_GOAL OF THE EXERCISE_
Copy the records below exactly, starting at the line that contains "Page Header Logo" and ending at the line that contains "Monogrammed Cotton Waffle"; leave out any pictures.

_DATA PROVIDED_
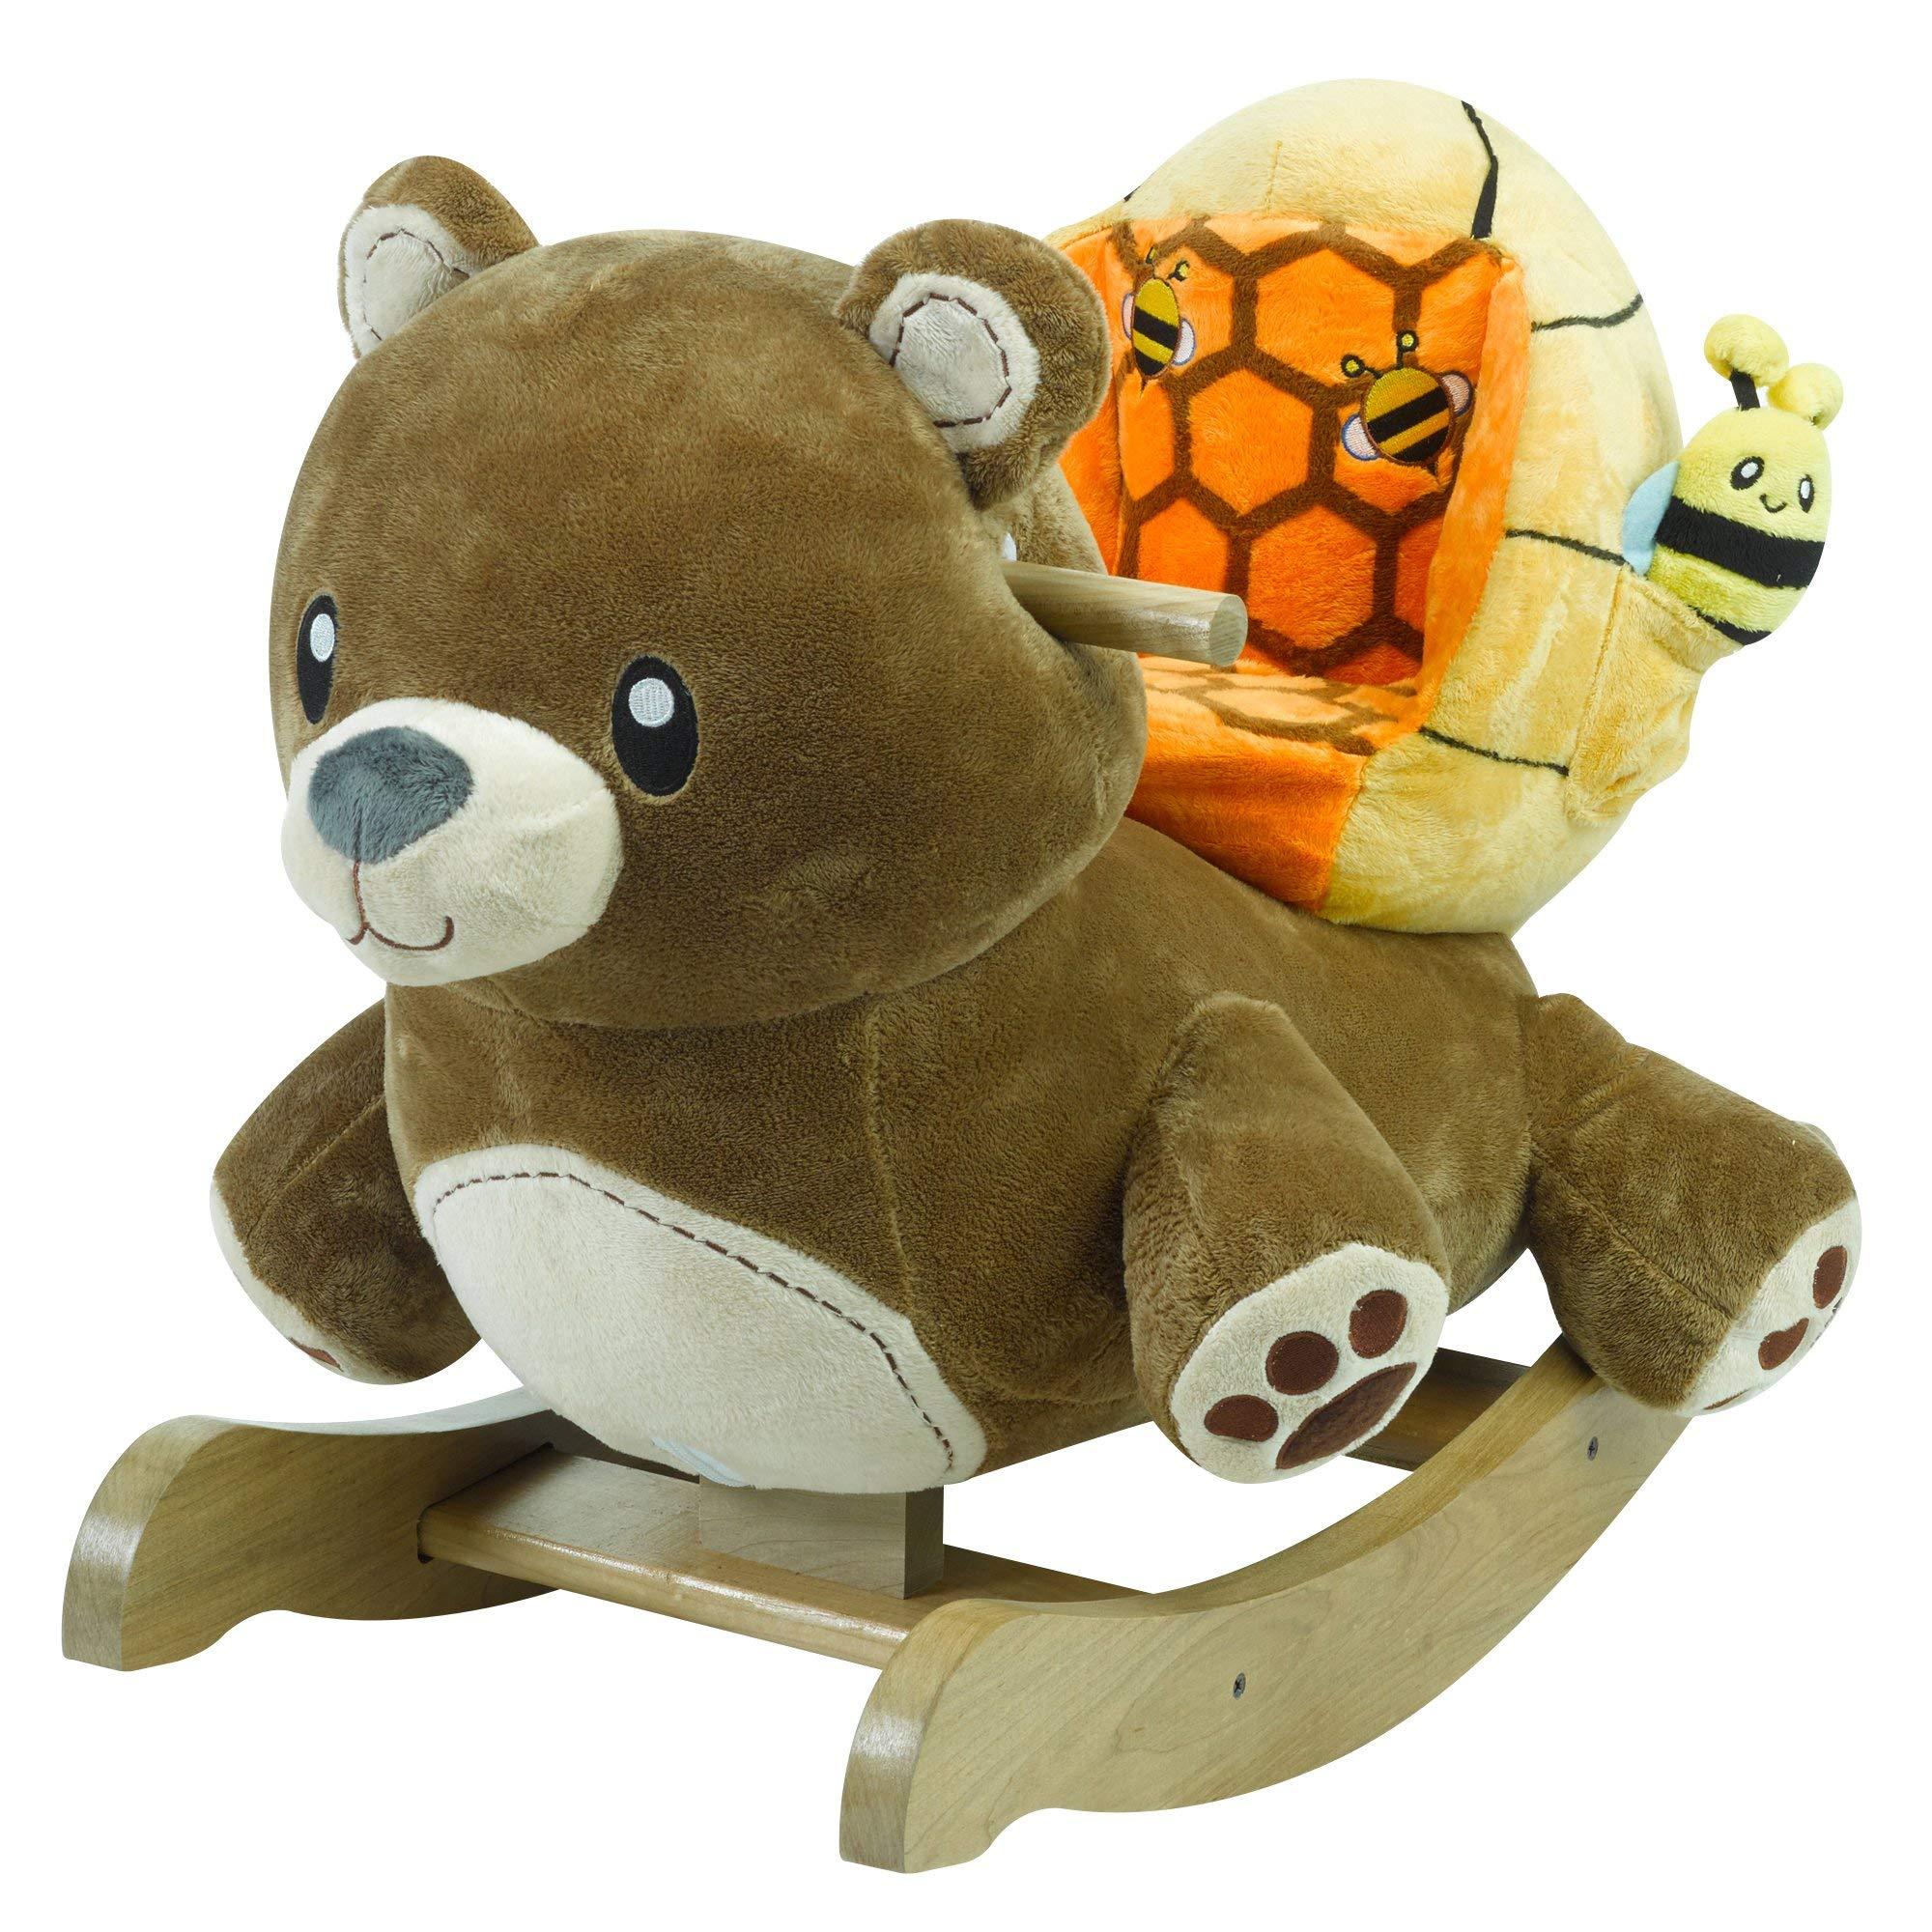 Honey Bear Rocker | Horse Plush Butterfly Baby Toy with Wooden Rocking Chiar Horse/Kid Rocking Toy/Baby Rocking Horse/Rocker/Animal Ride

* * *

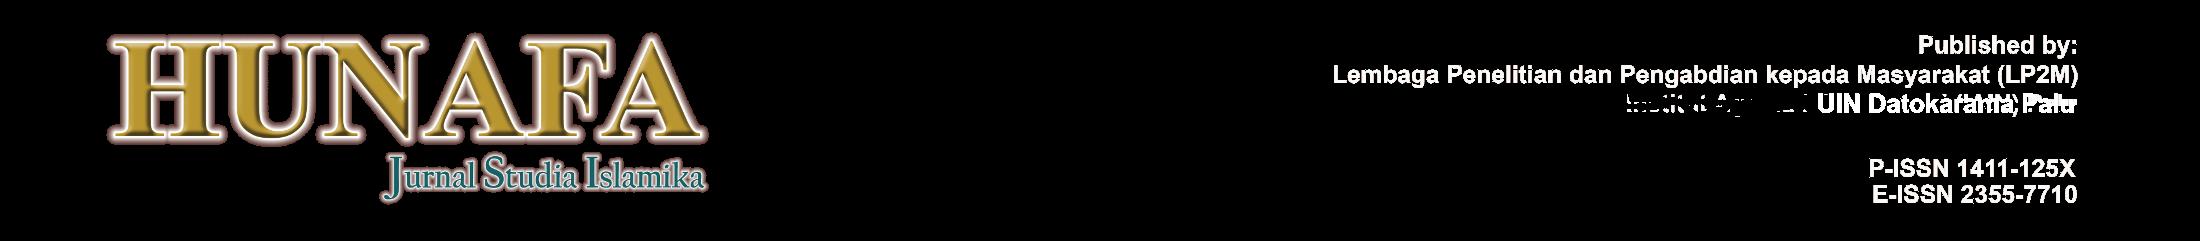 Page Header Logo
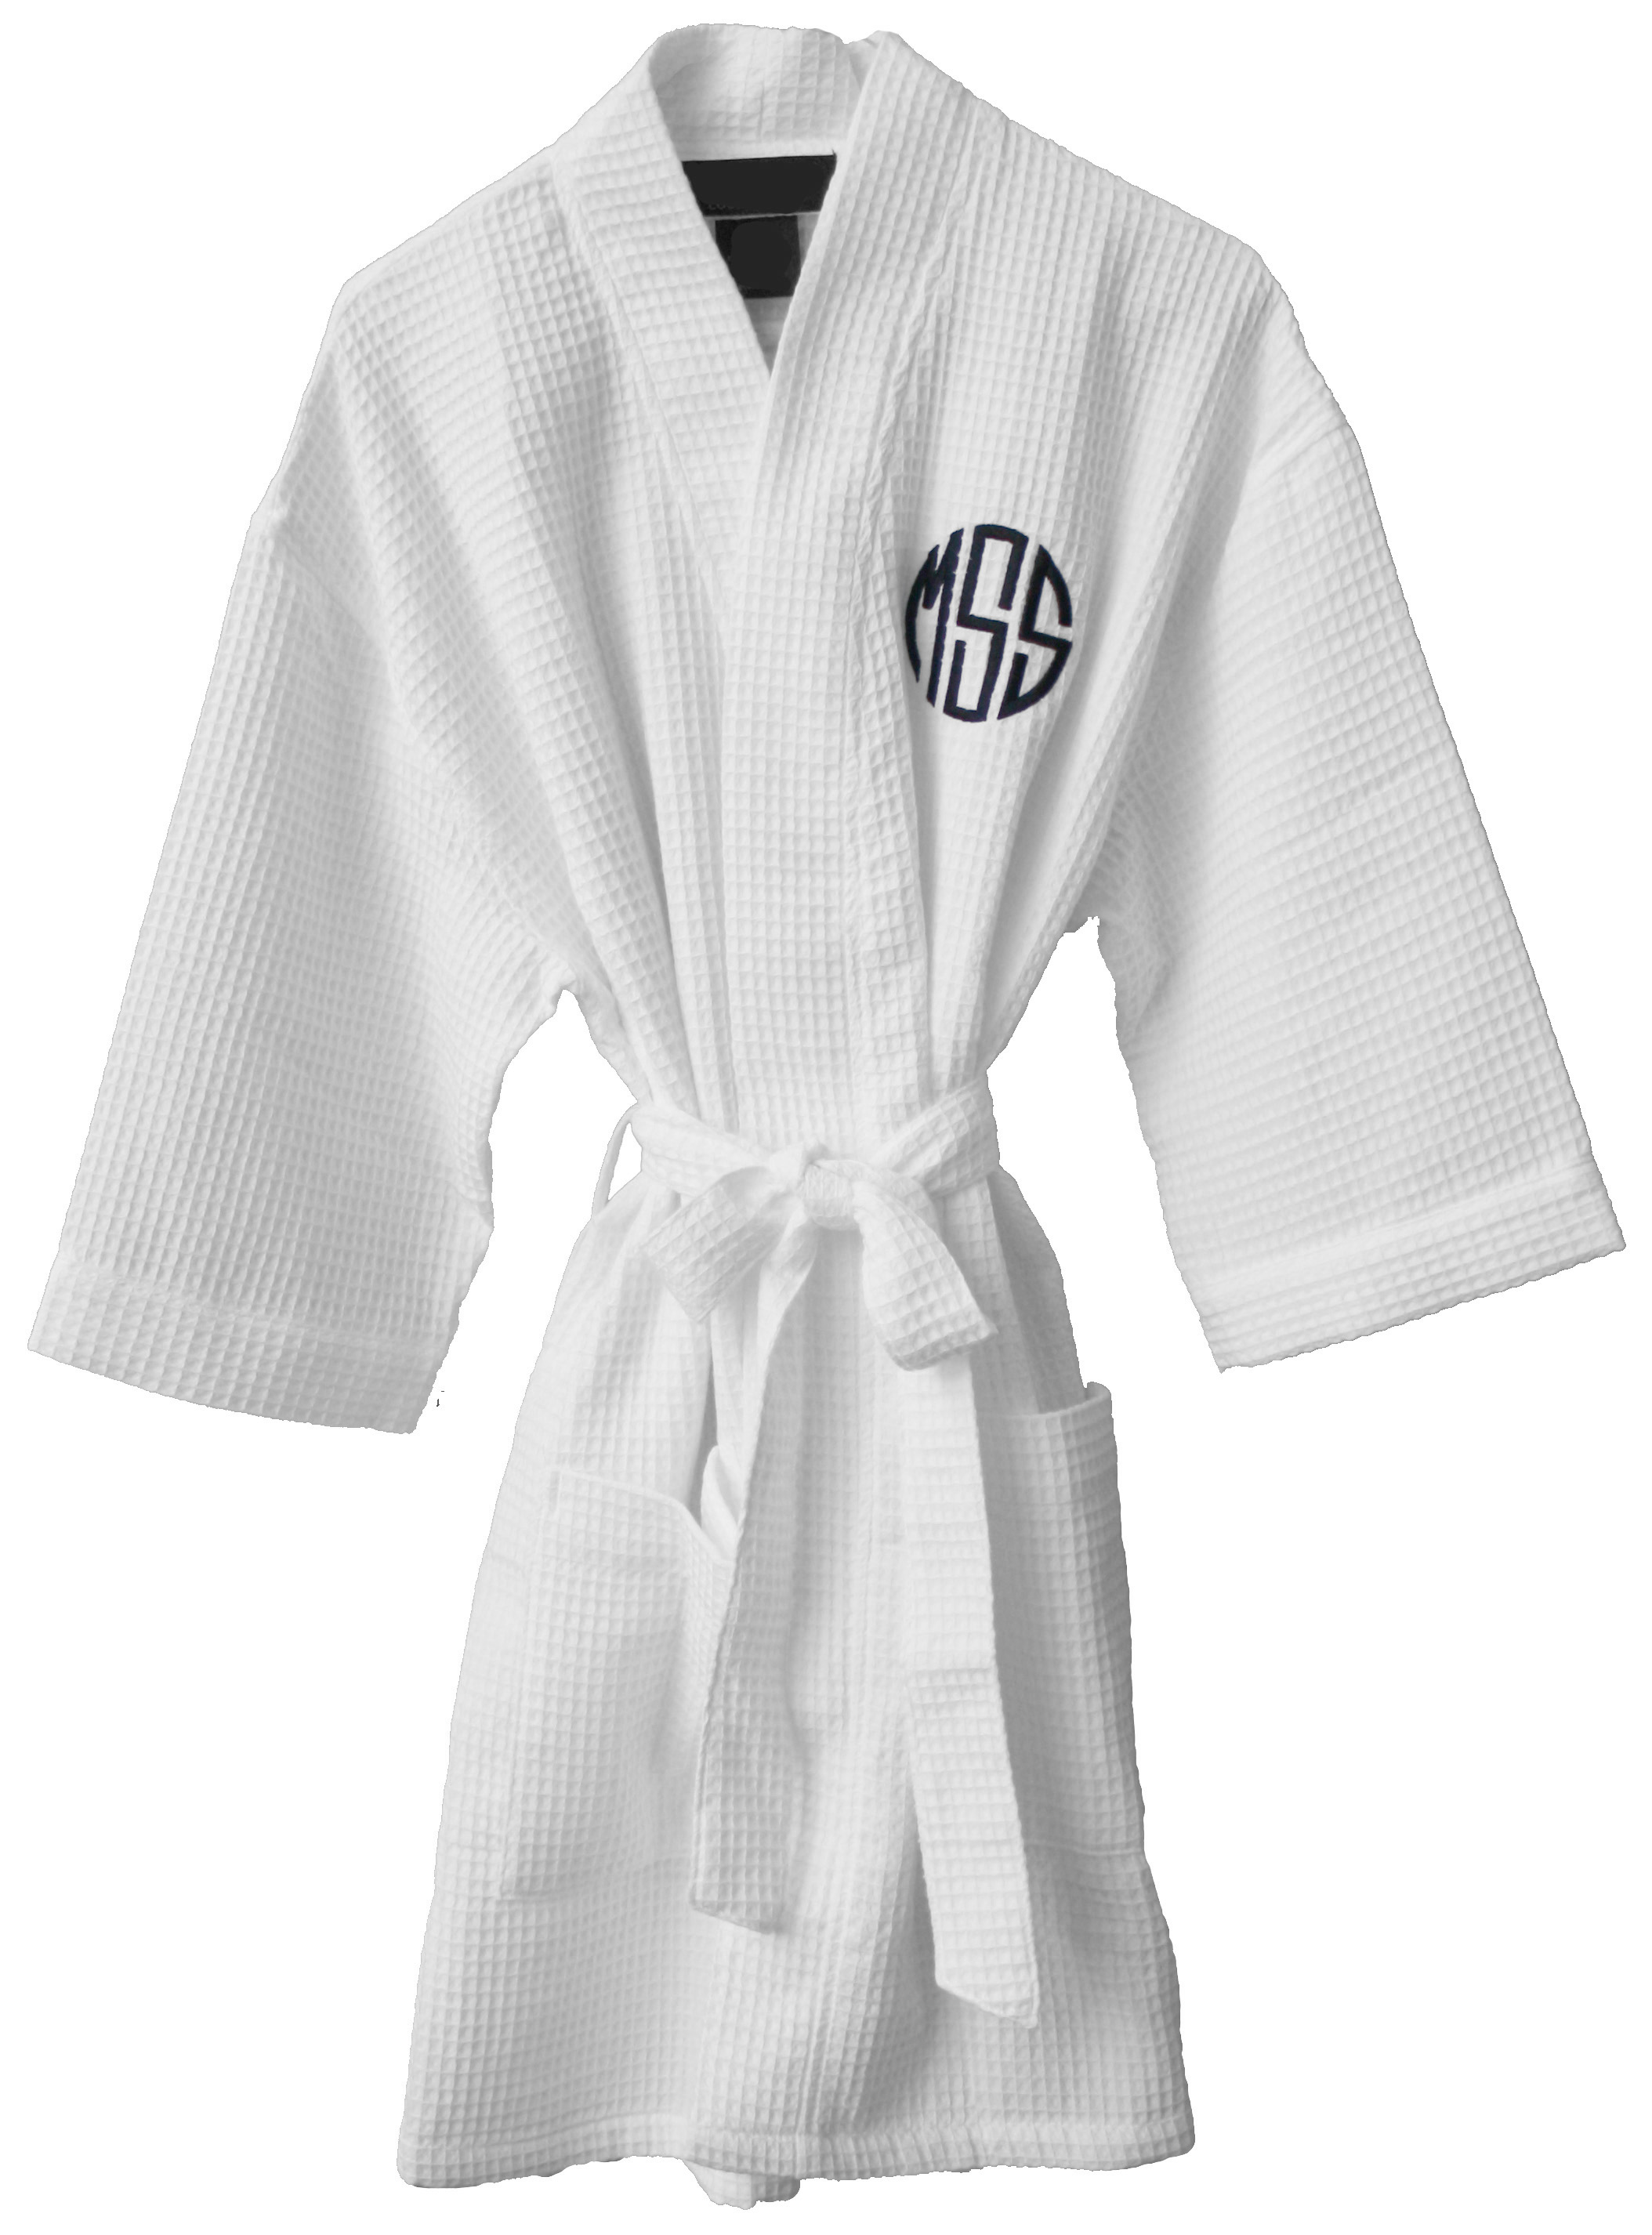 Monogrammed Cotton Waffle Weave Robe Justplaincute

_WRITTEN RESPONSE_
 Page Header Logo
 Monogrammed Cotton Waffle Weave Robe Justplaincute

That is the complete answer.